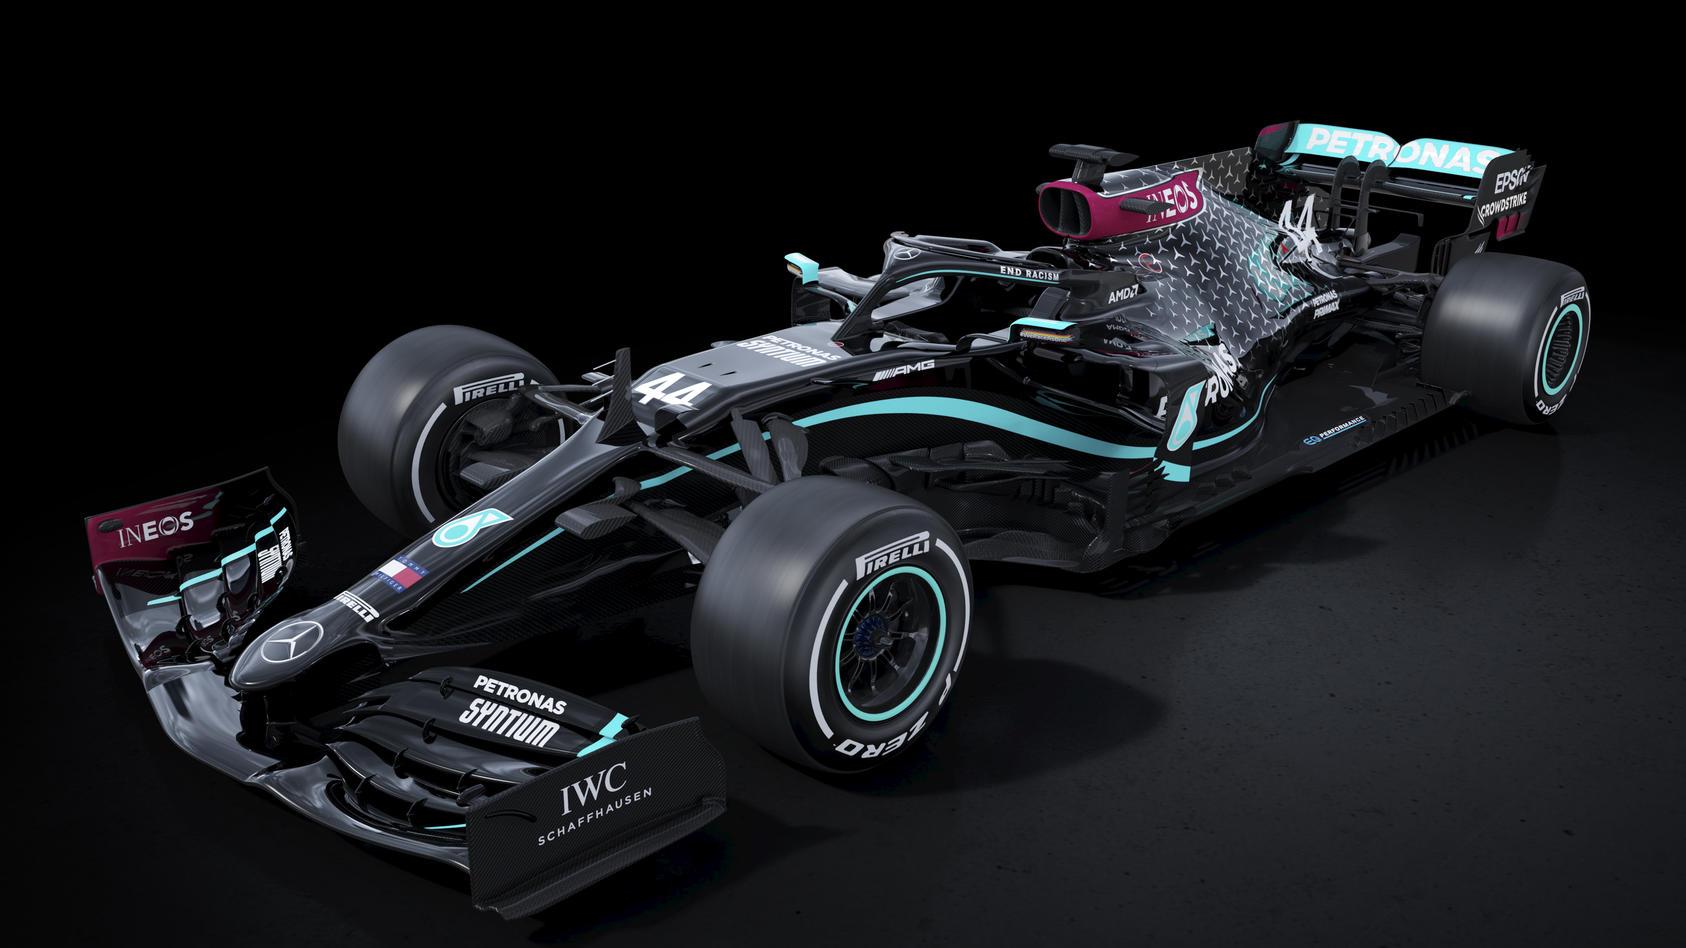 Silver Arrows return to racing with renewed purpose. Lewis Hamilton's F1 car.
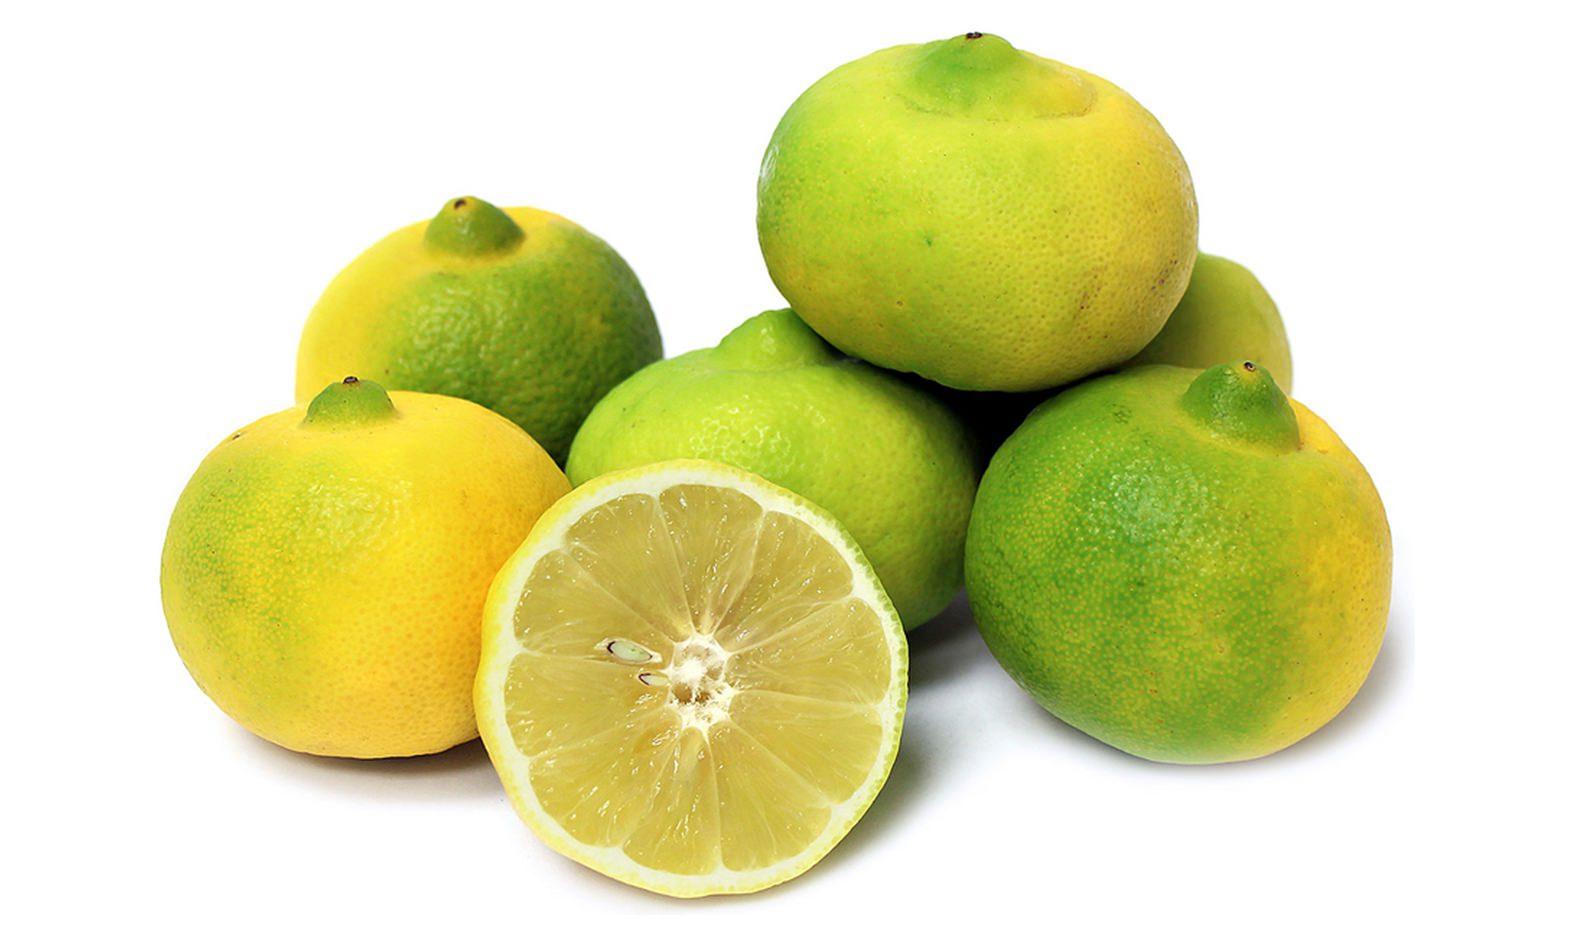 Sweet Limes Image
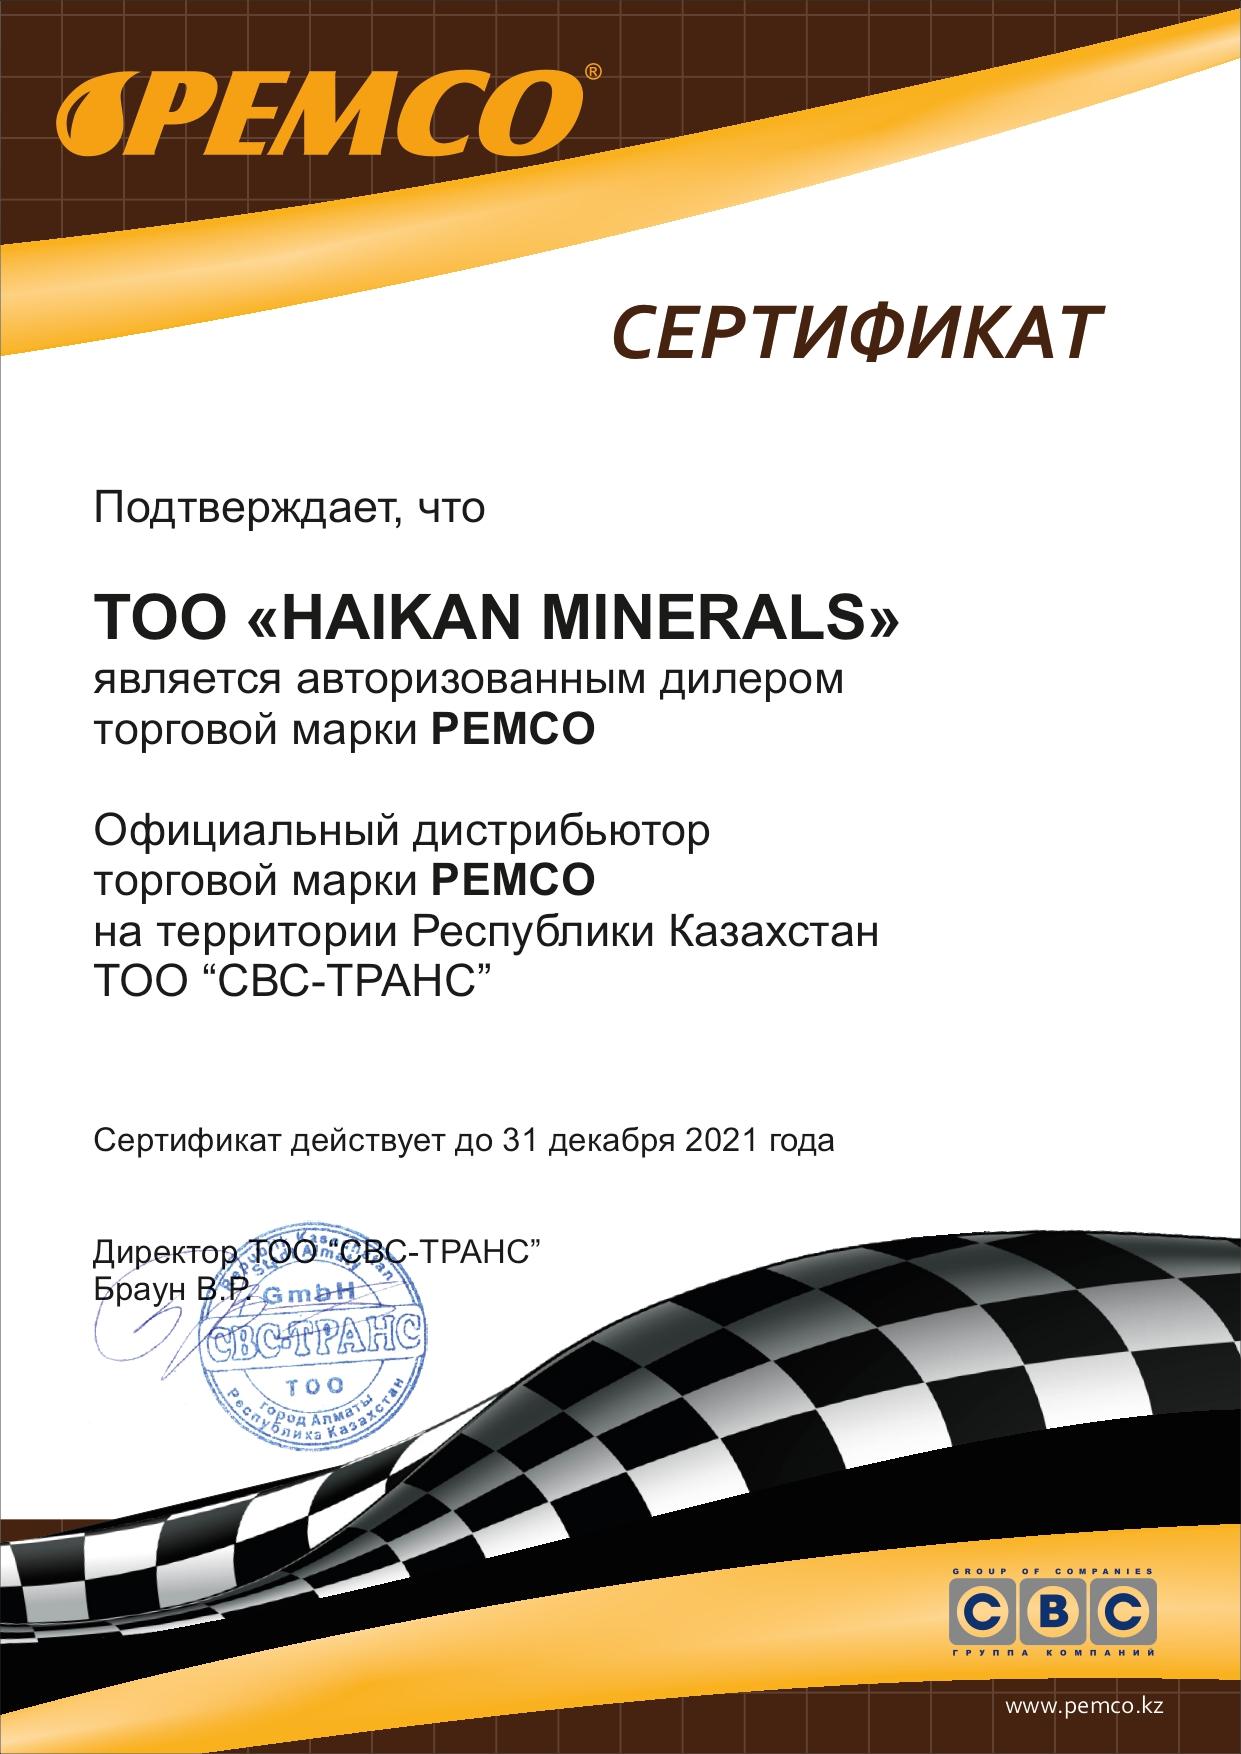 Хайкан Минералс, ТОО
*-*-*
- Work to complete
All lines of the listing must be given again exactly, excluding the pictures.

- Answer section
 Silver Arrows return to racing with renewed purpose. Lewis Hamilton's F1 car.
 Sweet Limes Image
 Хайкан Минералс, ТОО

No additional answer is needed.